**Data under study:**
------------------------------

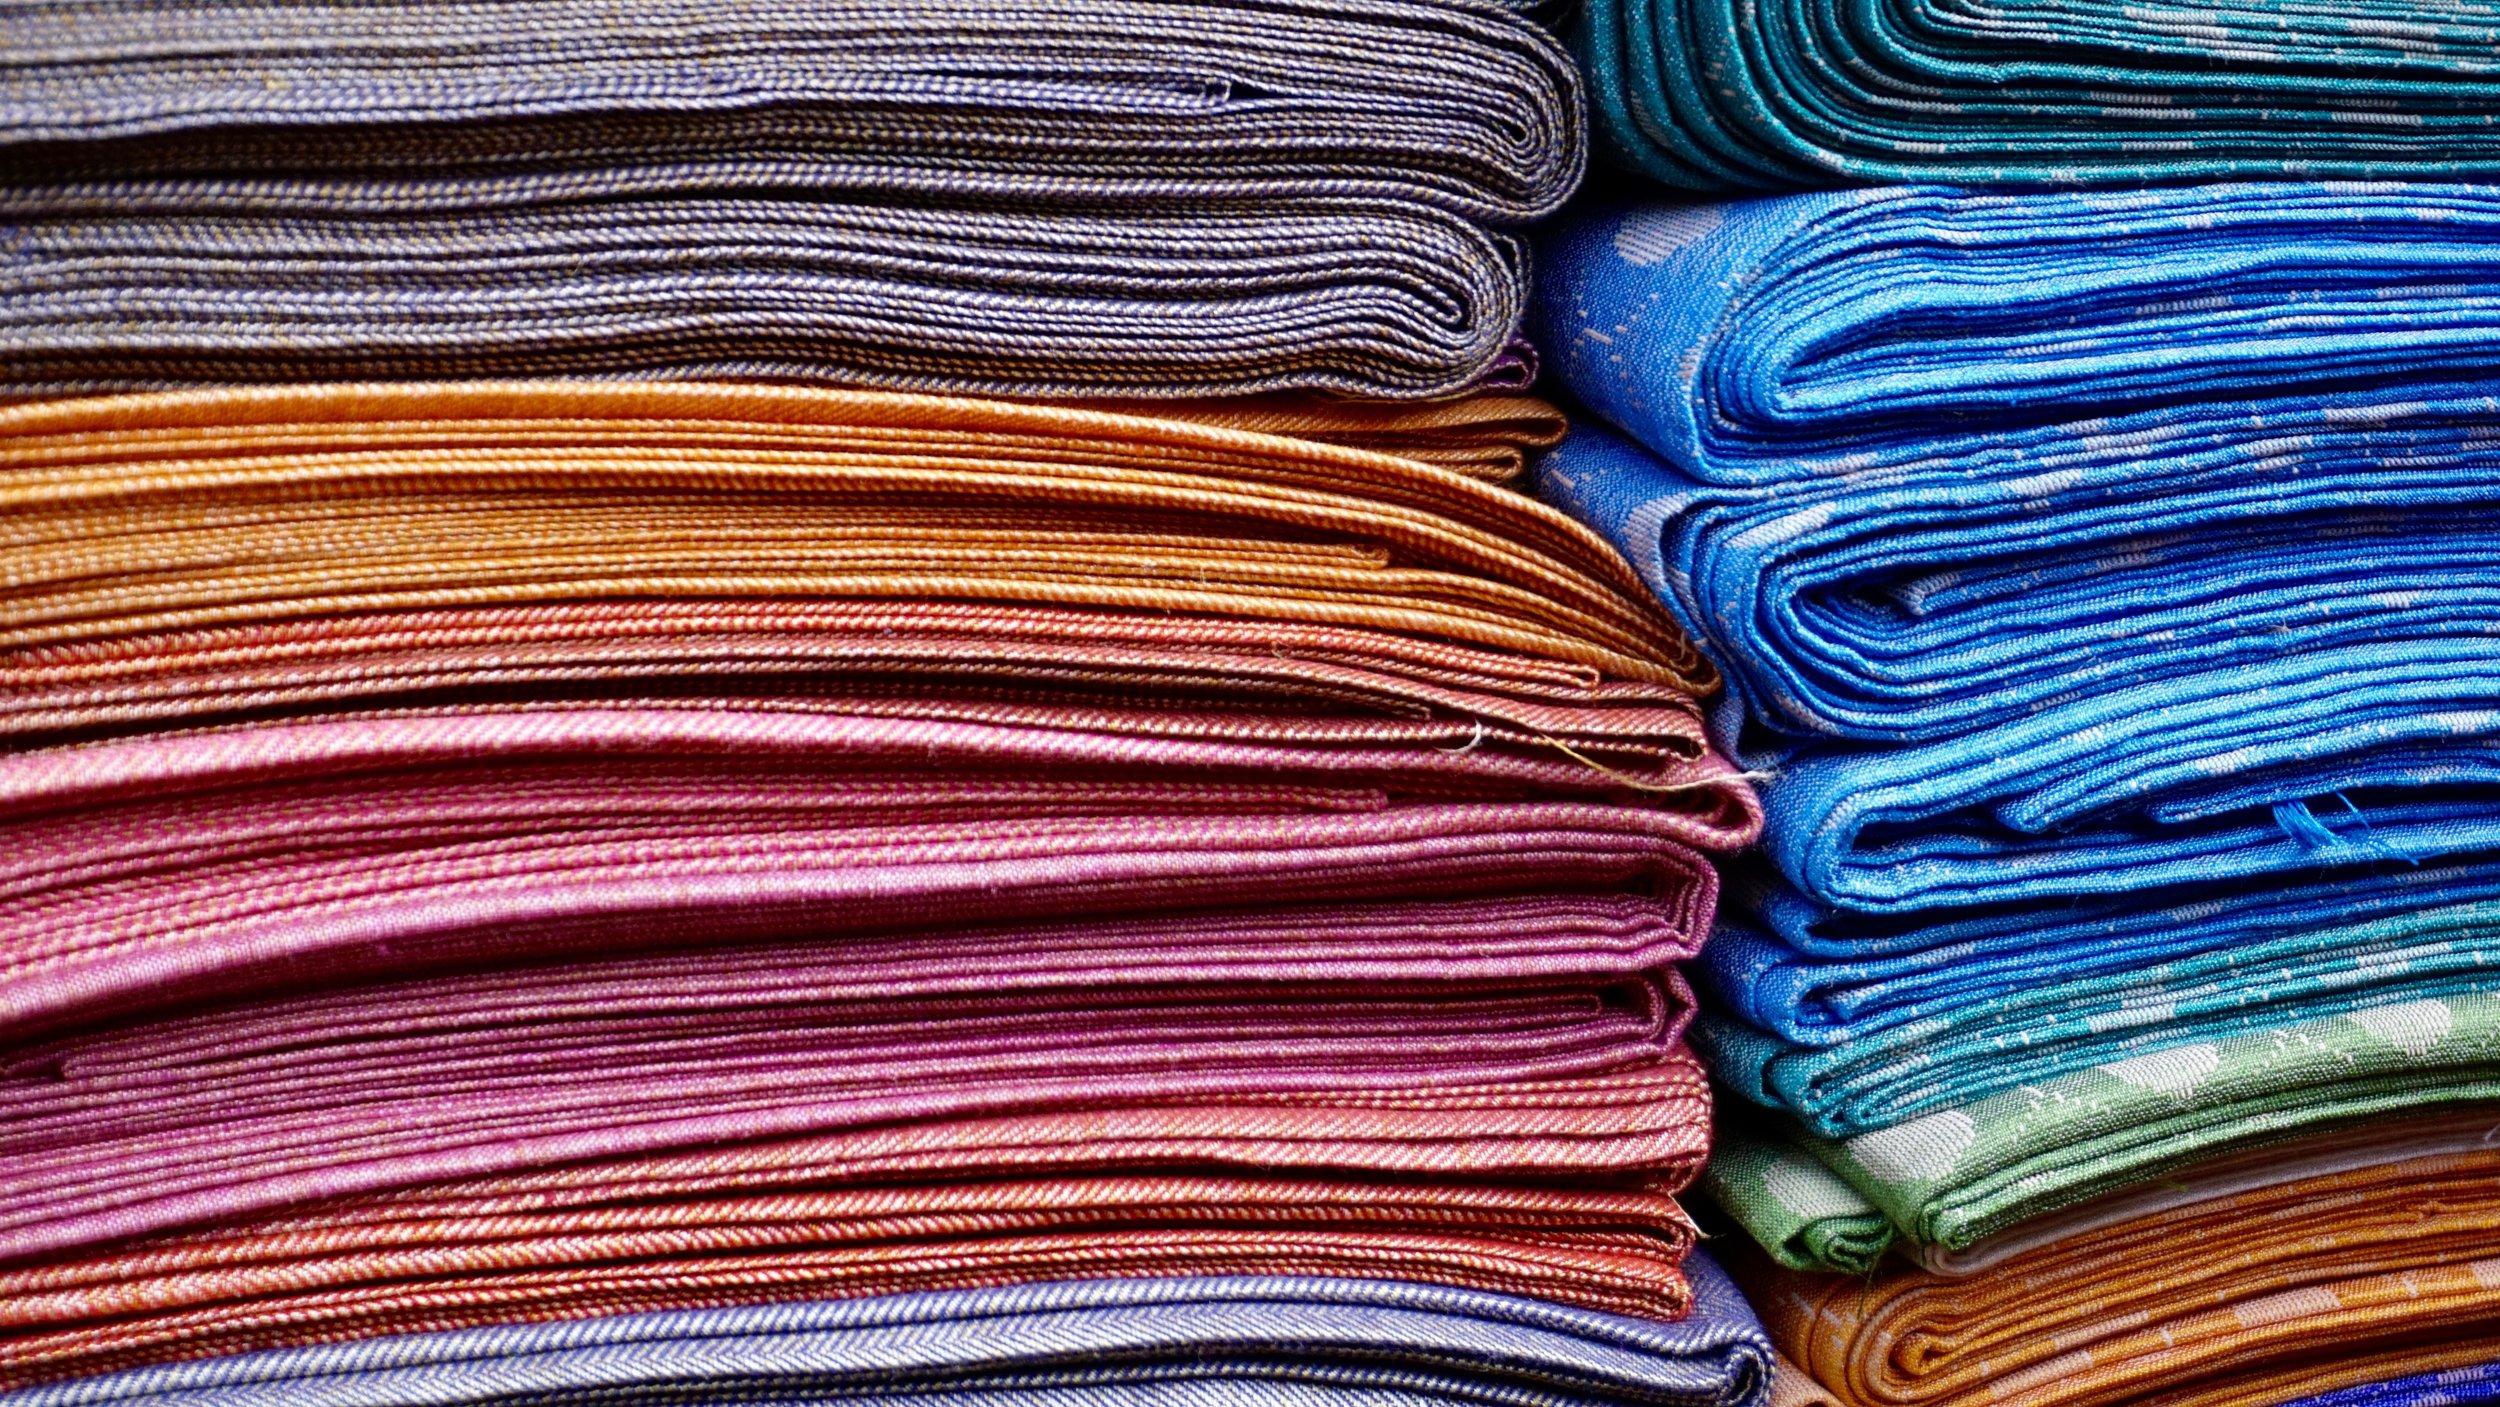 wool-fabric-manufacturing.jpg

------------------------------

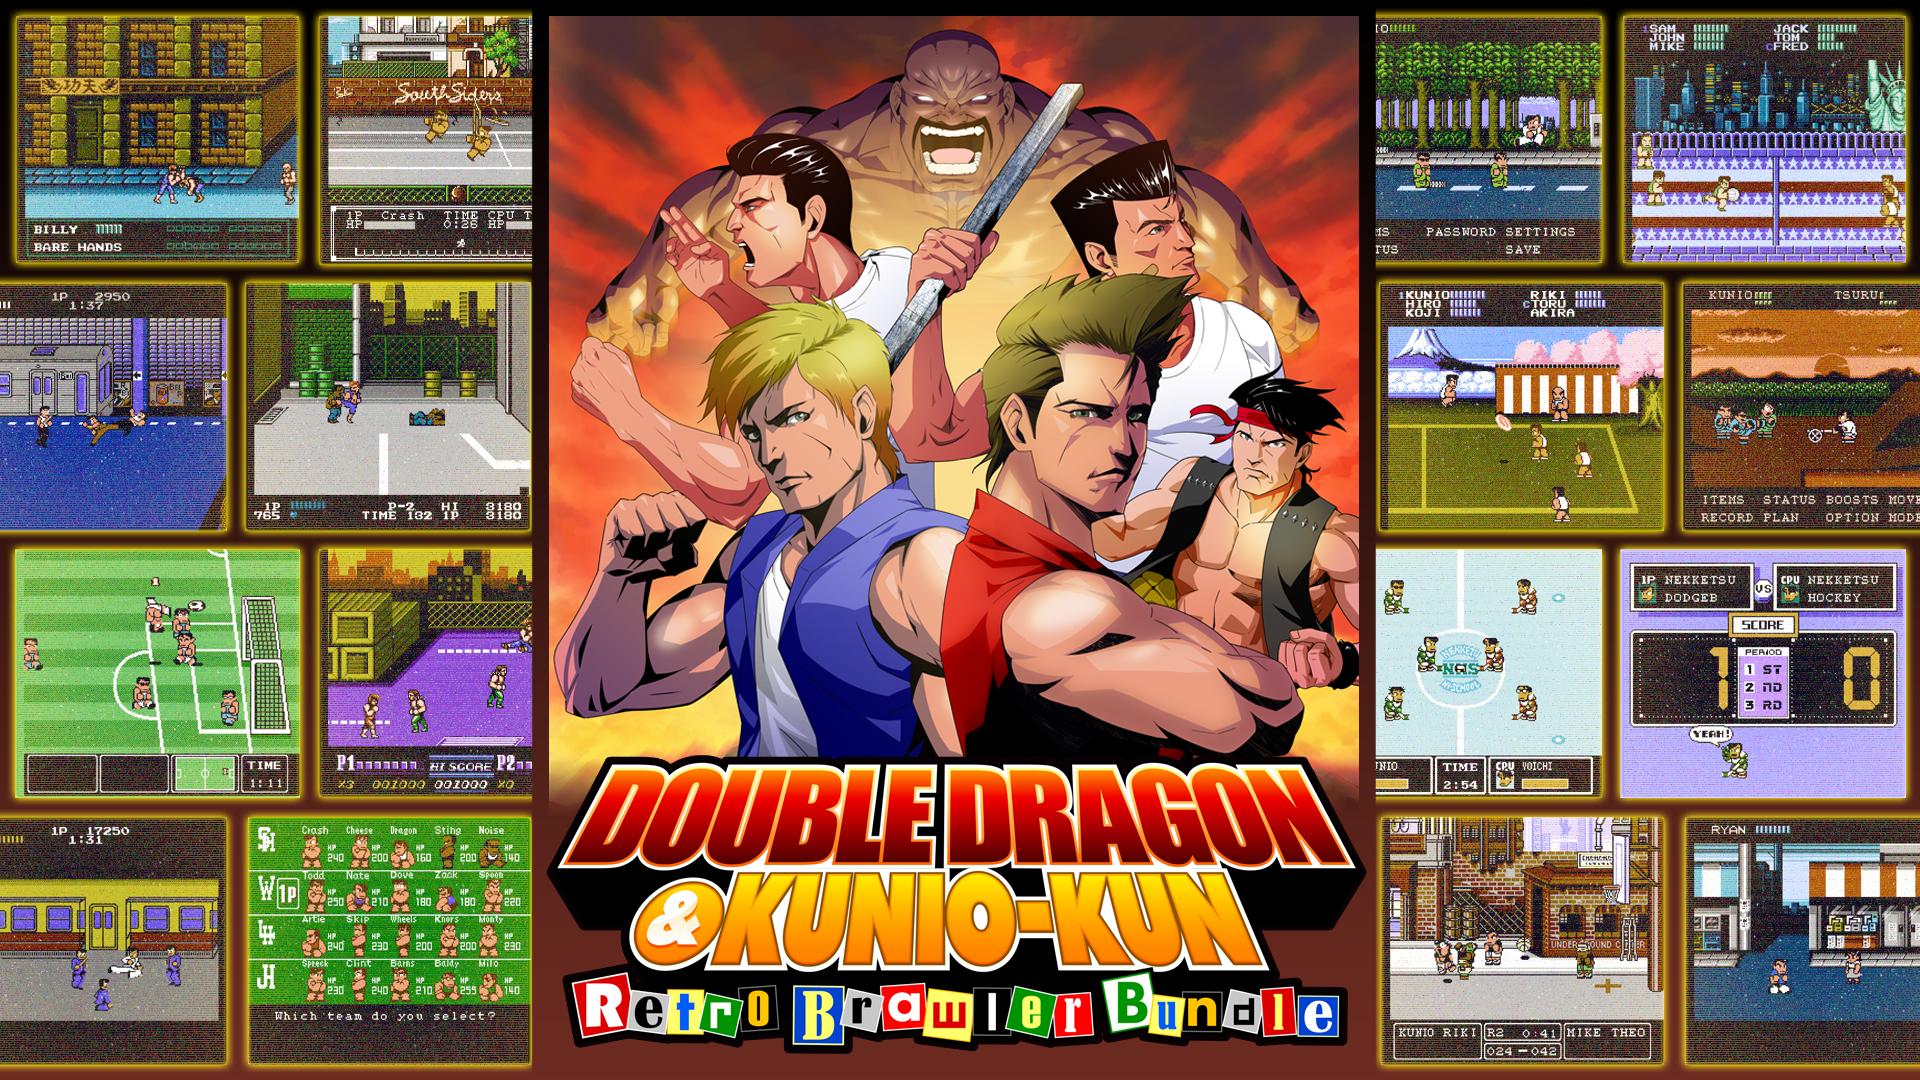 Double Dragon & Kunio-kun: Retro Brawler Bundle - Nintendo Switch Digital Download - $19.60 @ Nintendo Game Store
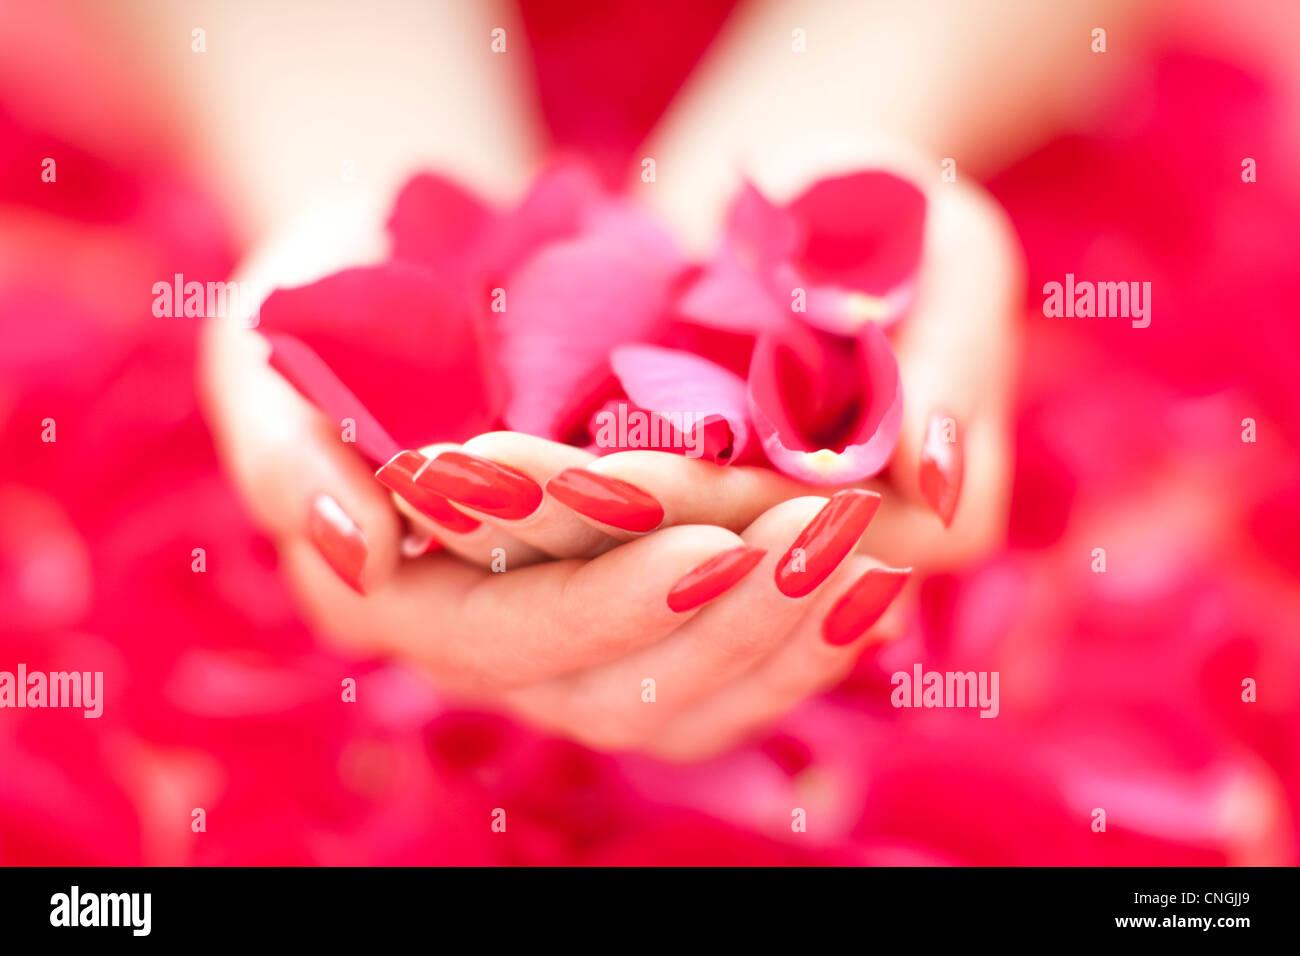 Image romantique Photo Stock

------------------------------

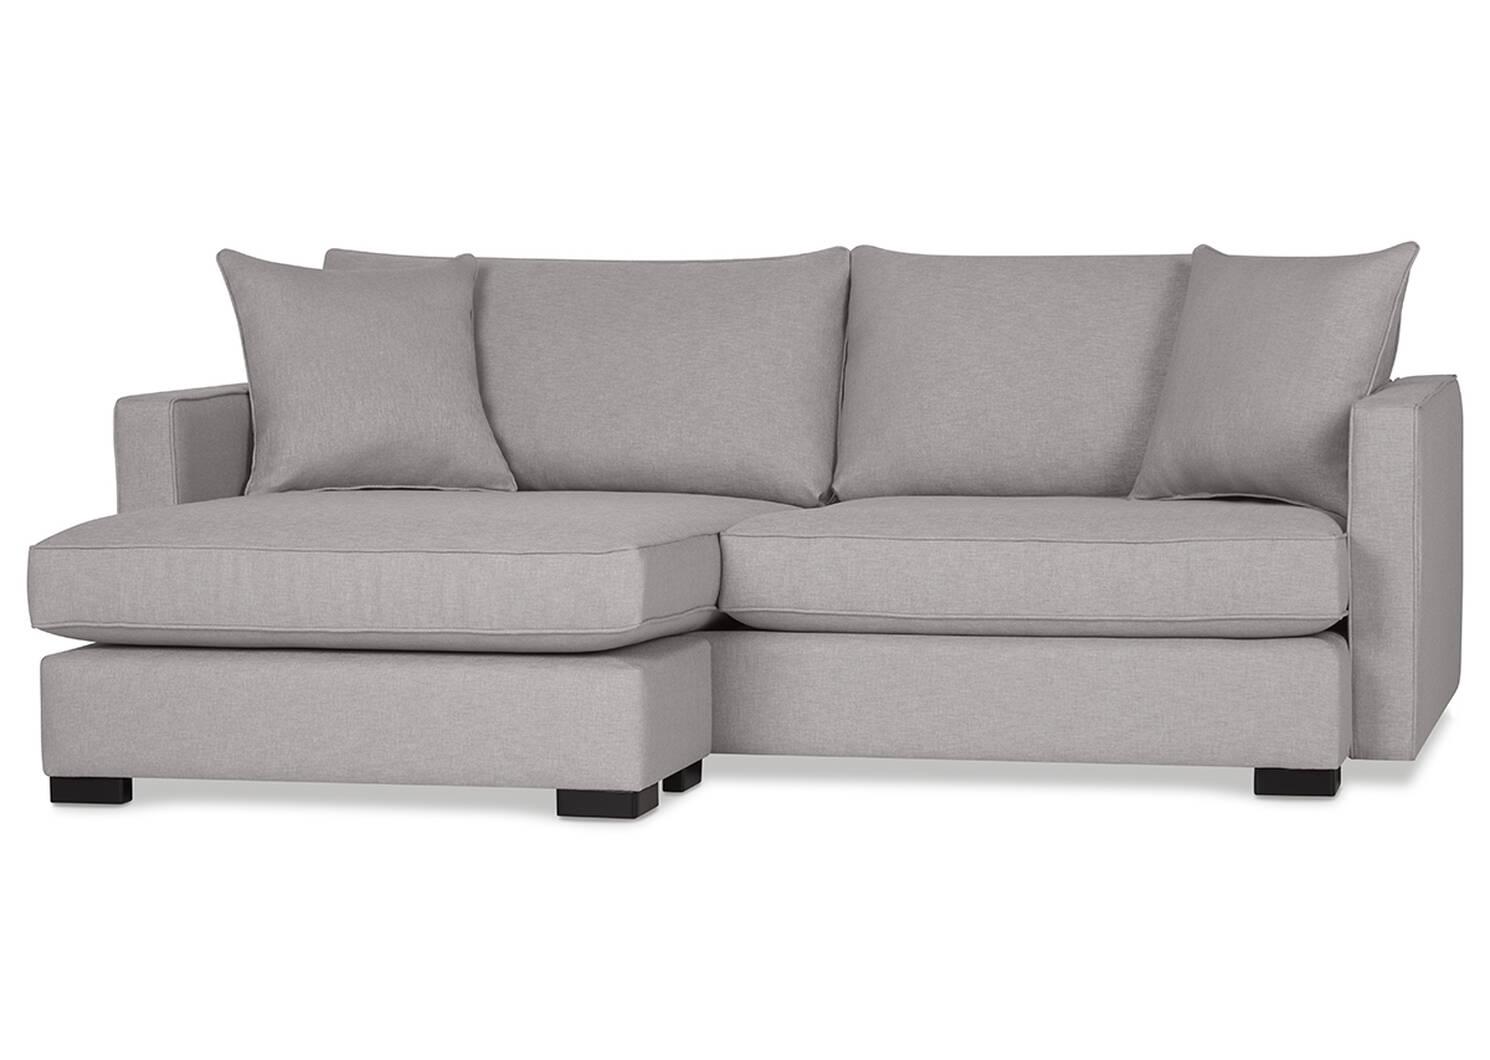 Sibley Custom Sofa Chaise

------------------------------

**What the exercise asks:**
In the records above, find the line with "Double Dragon &" and the line with "Image romantique Photo Stock". Write out exactly those lines and every one between, with no pictures and no other lines.

**Response area:**
 Double Dragon & Kunio-kun: Retro Brawler Bundle - Nintendo Switch Digital Download - $19.60 @ Nintendo Game Store
 Image romantique Photo Stock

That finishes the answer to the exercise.